Now THAT is stealth!!! The next time I'm at Taxman for their Sunday Brunch I'll have to keep an eye out(and my speed down!). I live just up the road from there and it's nice to see a police department going with something other than the 'big black SUV' look that's so common around here. I hope it's the beginning of a new trend!


----------



## garsh

orekart said:


> Oh what did they do for ram bars at the nose? I live in cattle country and need to know!


Looks like just the license plate bracket. They must have small cows in Indiana.


----------



## Klaus-rf

Once they install the computer screen keyboard, & radio gear in it may be a bit crowded inside. Hmmm... roof antennae?


----------



## Nautilus

More coverage: https://insideevs.com/news/367896/bargersville-police-tesla-model-3/

And apparently it's a Standard Range Plus. The wheels and tires should have been the tip-off that it's not a Performance model. So the 0-60 stats. will be a little slower than quoted in the first article, but the bad guys don't need to know that.

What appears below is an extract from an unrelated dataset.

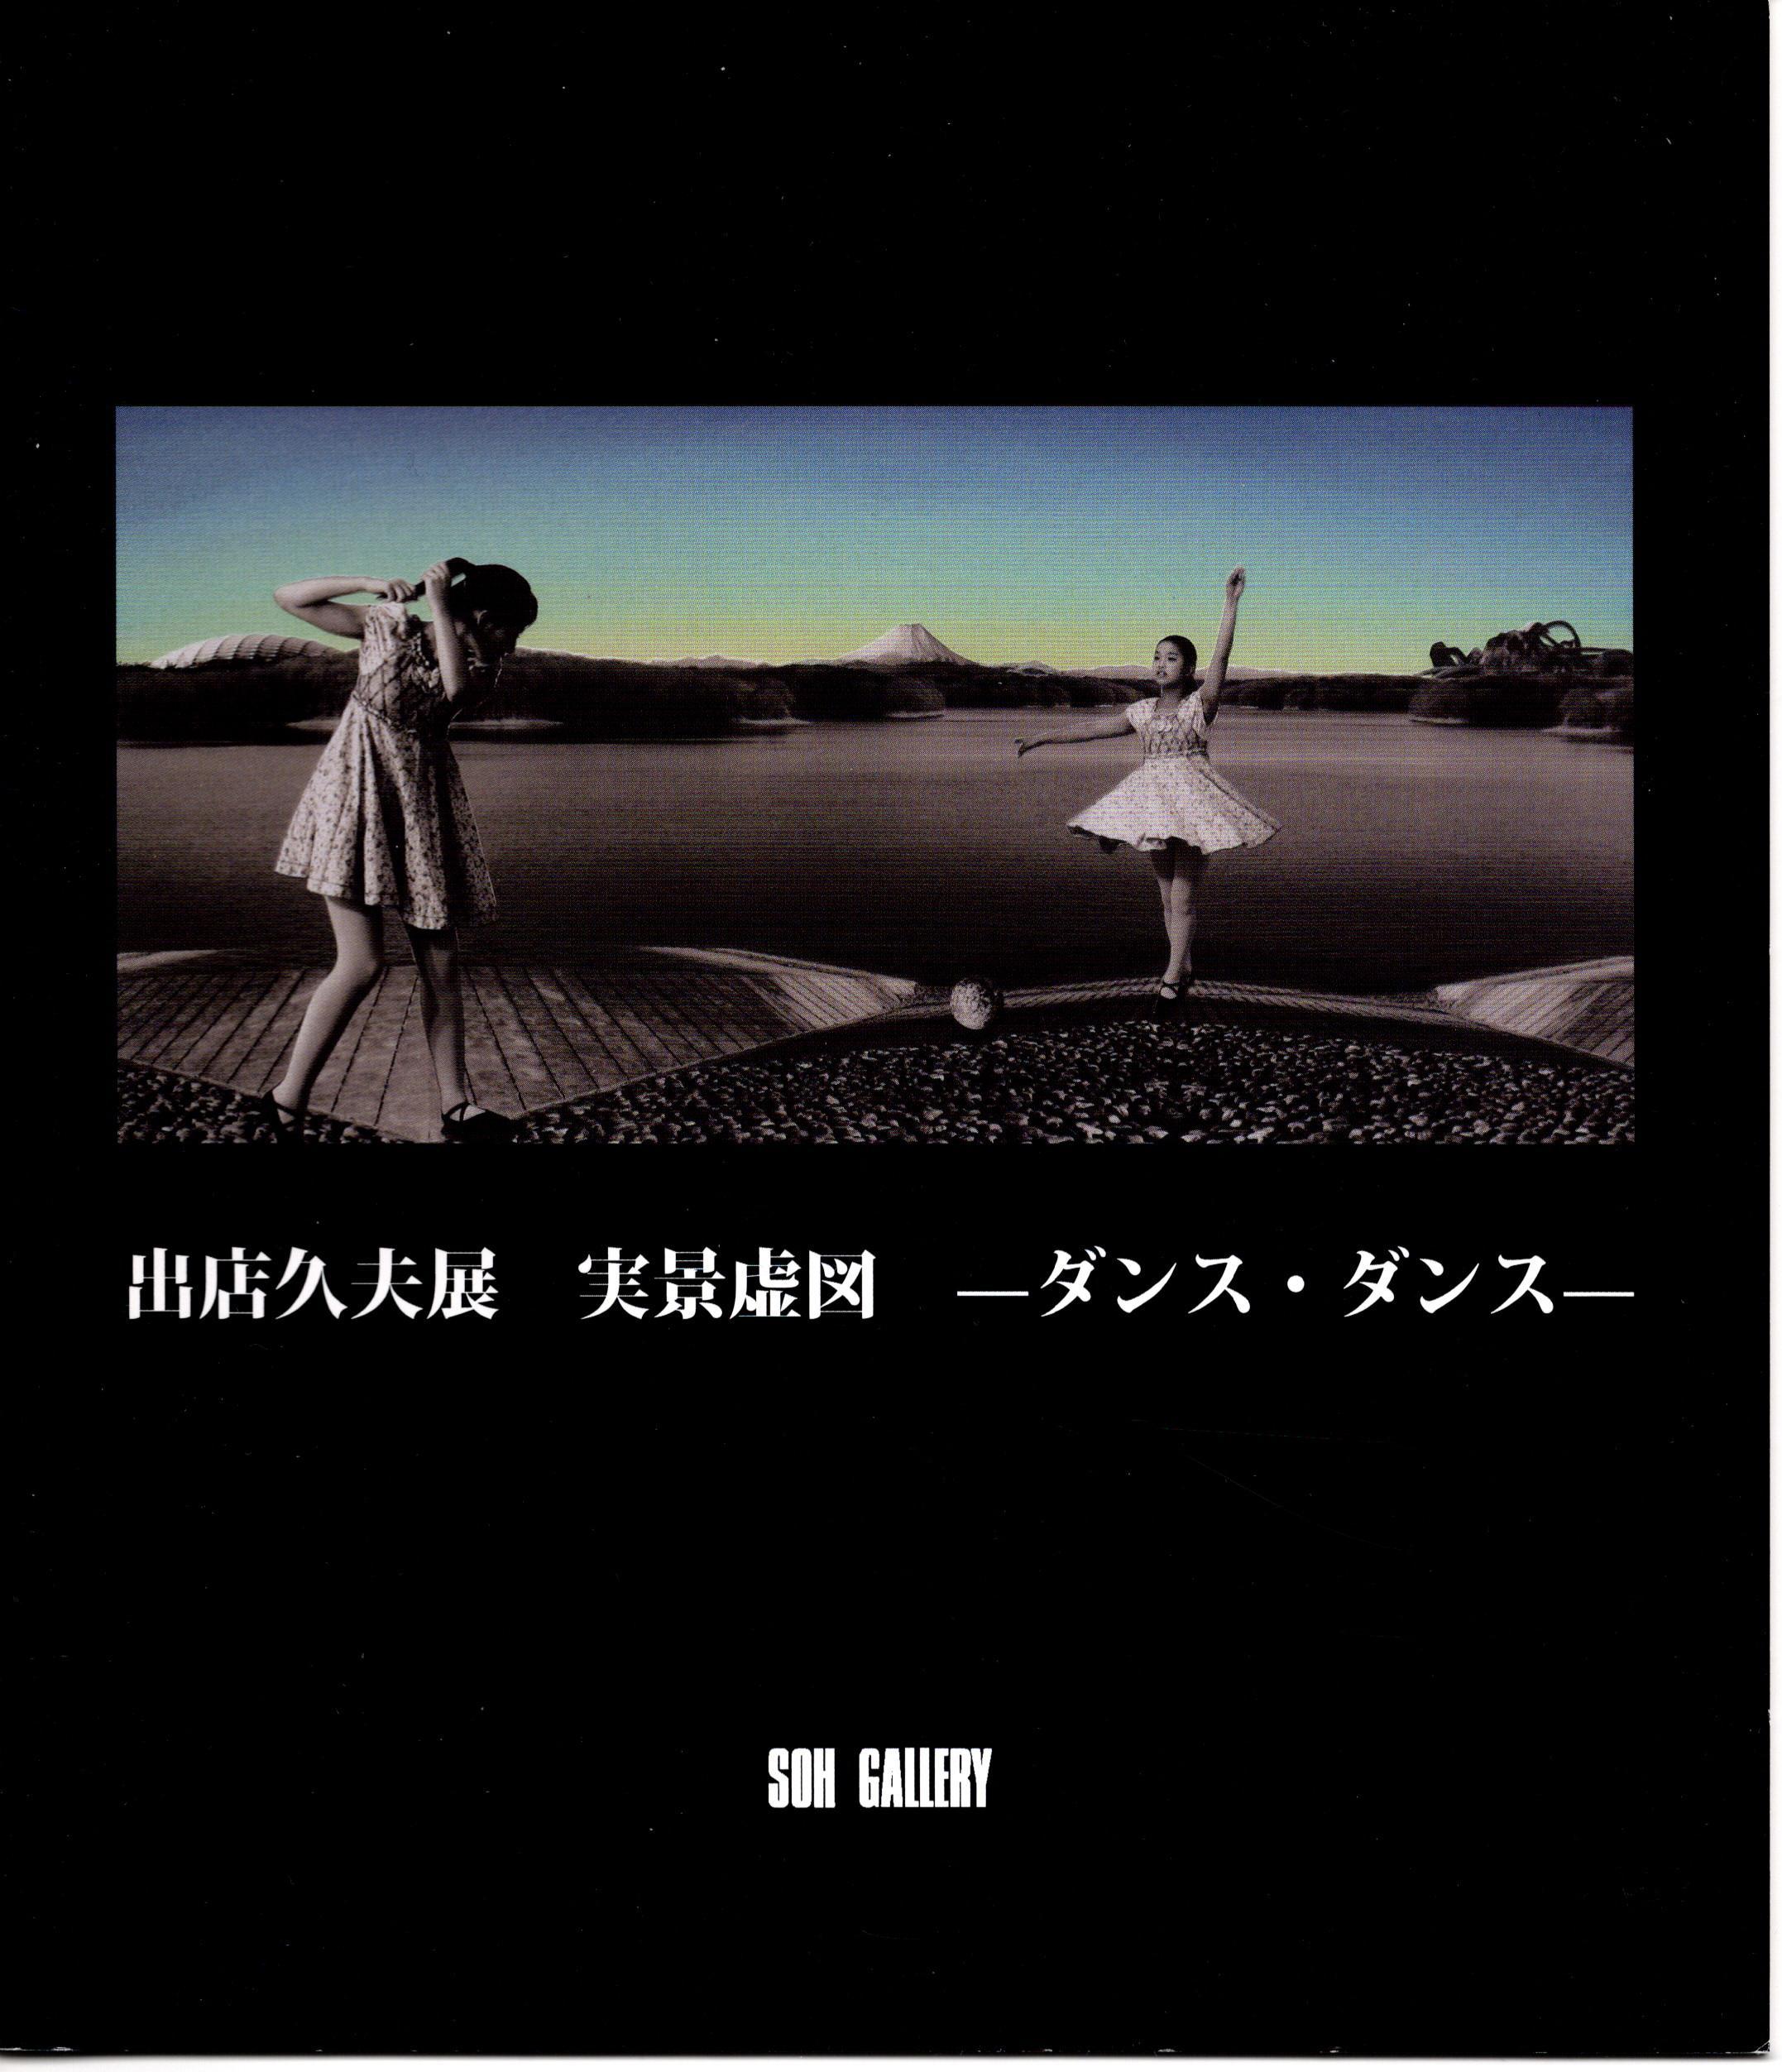 出店久夫展 「実景虚図―ダンス・ダンス―」

Not too many cows here. Mostly corn and soy beans .


----------



## FF35

I wonder if there’s a different package for police that will take a SR+ 0-60 time into the mid 4’s?


----------



## garsh

FF35 said:


> I wonder if there's a different package for police that will take a SR+ 0-60 time into the mid 4's?


The SR+'s 0-60 time of 5.3s is still going to make this car quicker than anything else police have been using for the past decade.

https://www.autoblog.com/2015/11/30/ford-police-testing-results/

_...the all-wheel drive (Ford) Interceptor Sedan with the 3.5-liter V6 EcoBoost sprinted there in 5.8 seconds, compared to 6.6 seconds for the rear-drive 5.7-liter V8 Dodge Charger and 6.7 seconds for the 6.0-liter V8 Chevrolet Caprice._

And:
https://www.businessinsider.com/fastest-cop-police-cars-ford-dodge-chevy-2017-4


----------



## JWardell

I was happy to see this yesterday. I hope more and more police departments start to see these as actual ideal cruisers and not just for meter maids as we see HEVs used here in Boston. Police often sit with their engines idling for many hours all day while they sit at construction, write reports, or just stay cool or warm. EVs will save them a TON of gas costs. and they can continue to buy all-American vehicles.

I thought this local news report did an excellent job highlighting the advantages:


----------



## Bokonon

"The Tesla will save taxpayers around $6,000 on average per year.... right now, they're spending more than $8,000 per year in gas, oil, and insurance per vehicle" ... WOW!!

That was so not the Tesla app, though.


----------



## Nautilus

Follow-up on the Bargersville PD Tesla operating costs. Good savings have indeed been realized, roughly in line with their original estimates.

Not sure why they're showing a photo of a Westport PD Tesla, or which Westport it is.


----------